Saturday, July 23, 2011

Here Comes Daredevil #1 - A Review

Of all the characters born and raised on the newsprint page among the panels and thought balloons Daredevil is not only unique but remarkable. He is a character that has had his story told by the best of the best in the comic book industry, and as one reads of his adventures and sees his development over the years one instantly understands that he deserves no less.

For those who have no knowledge of the comic book hero called Daredevil, please allow me to introduce you to Matthew Murdock. The son of famed boxer "Battlin' Jack Murdock," Matt grew up like most, idolizing his father, his hero. The senior Murdock taught Matt perseverance and the value of inner strength. He built a foundation in his boy that would support the eventual structure of a principled man who would fight all those who would wrong the innocent. This future as a man of importance and greatness would only come after losses that would further bolster the already sturdy personality behind the inevitable hero.

As a boy Matt saved a life, a heroic gesture, the first of many, that would cost him his sight. Diving in front of an oncoming truck he shoved a man out of the way only to find himself a target for the vehicle's dislodged cargo. In that moment of selfless bravery he was exposed to a radioactive capsule which stole his ability to see but not before it drastically enhanced his other four, spared senses. It was through his coping with this combination of impairment and hyper-sensitivity that the boy learned to apply his father's lessons in perseverance and overcome his lack of one sense and the oftentimes overwhelming response of the others.
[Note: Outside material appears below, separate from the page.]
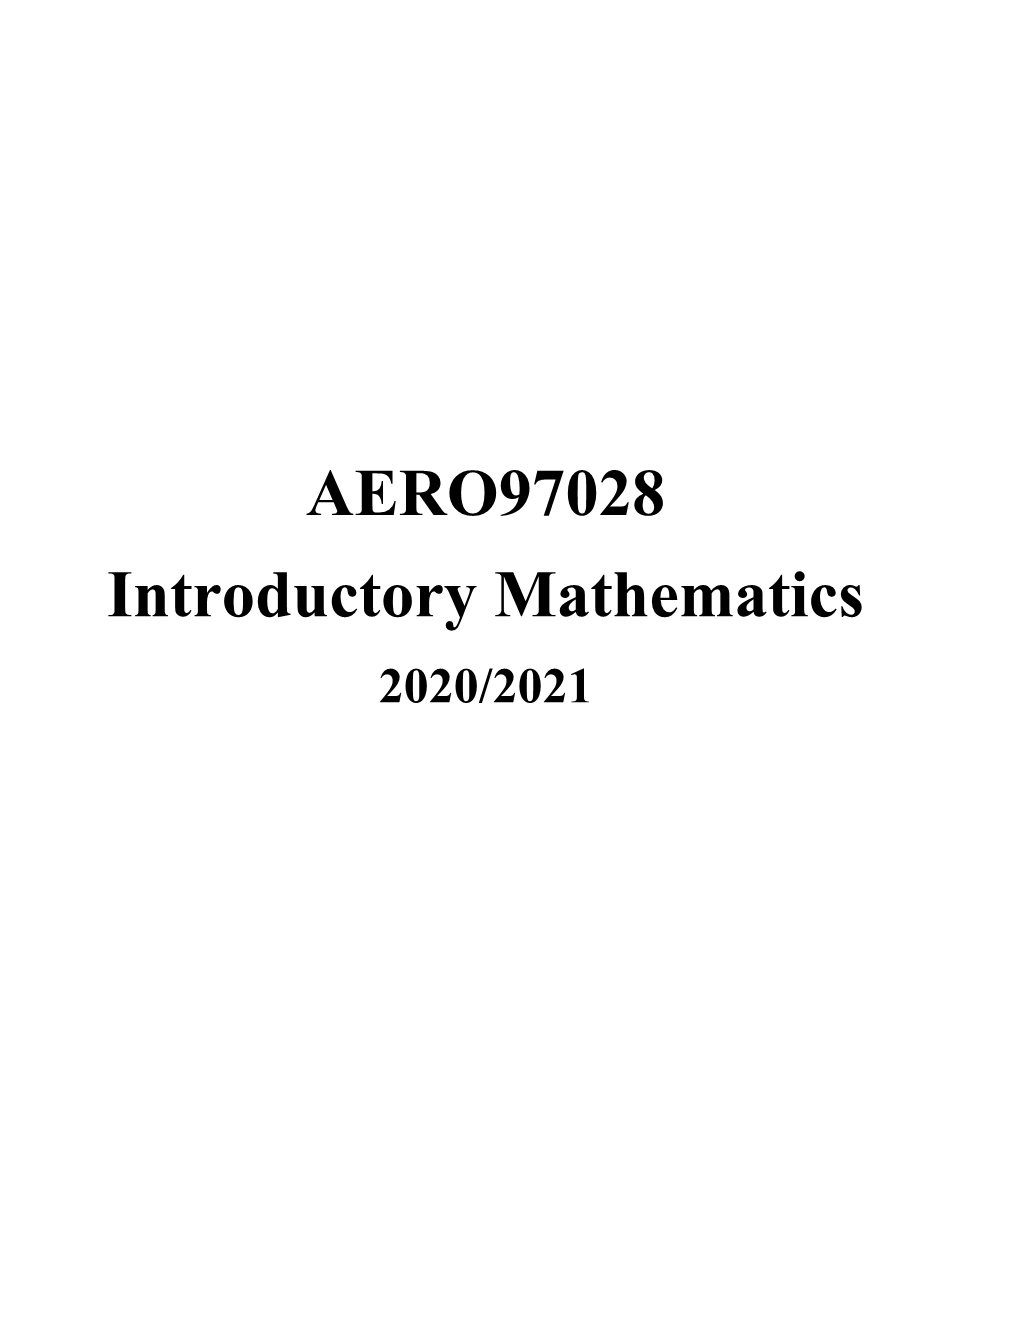 AERO97028 Introductory Mathematics

After learning to function with this new way of perceiving the world around him Matt suffered another tragic loss. Refusing to throw a match for some insistent fixers, Jack Murdock was gunned down. The death of his hero, whose hopes were for Matt to ascend beyond the life of a prize-fighter to a far better existence, and the strength gained by conquering adversity drove him to apply himself through and out of school into the position of a lawyer. Now able to affect change in his new position on the side of law, Matt realized that another life would be necessary to combat the evils that robbed him of his father and forever changed his life. With purpose, principle, exceptional perception, and a complete lack of care for danger Matthew Murdock became the Man Without Fear. The Daredevil.

Now you know a bit more about this legendary character of the four-colored page who has had a publishing history of close to fifty years and is still going strong. The continuing strength is evident especially in the newest offering from the character's publisher, Marvel Comics. Penned by Mark Waid and illustrated by Paolo Rivera and Marcos Martin, "Here Comes Daredevil" is by far one of the most exciting new titles to come out of the House of Ideas. In the issue we find a Matthew Murdock who has made the choice to return to his life after a series of blows to his psyche and reputation. The world, thanks to the media, believes him to be the Daredevil, though he, naturally wishing to maintain his personal life, denies their claims.

The issue starts out with a bit of classic Daredevil acrobatics as he moves through a mob wedding to prevent a kidnapping attempted by a extra-dimensional adversary. From the cover, through this sequence, to the conversation he holds later in the issue with his law partner Foggy Nelson about his life's direction, we are given in a single issue a fair representation of what makes this character, this hero so fantastic.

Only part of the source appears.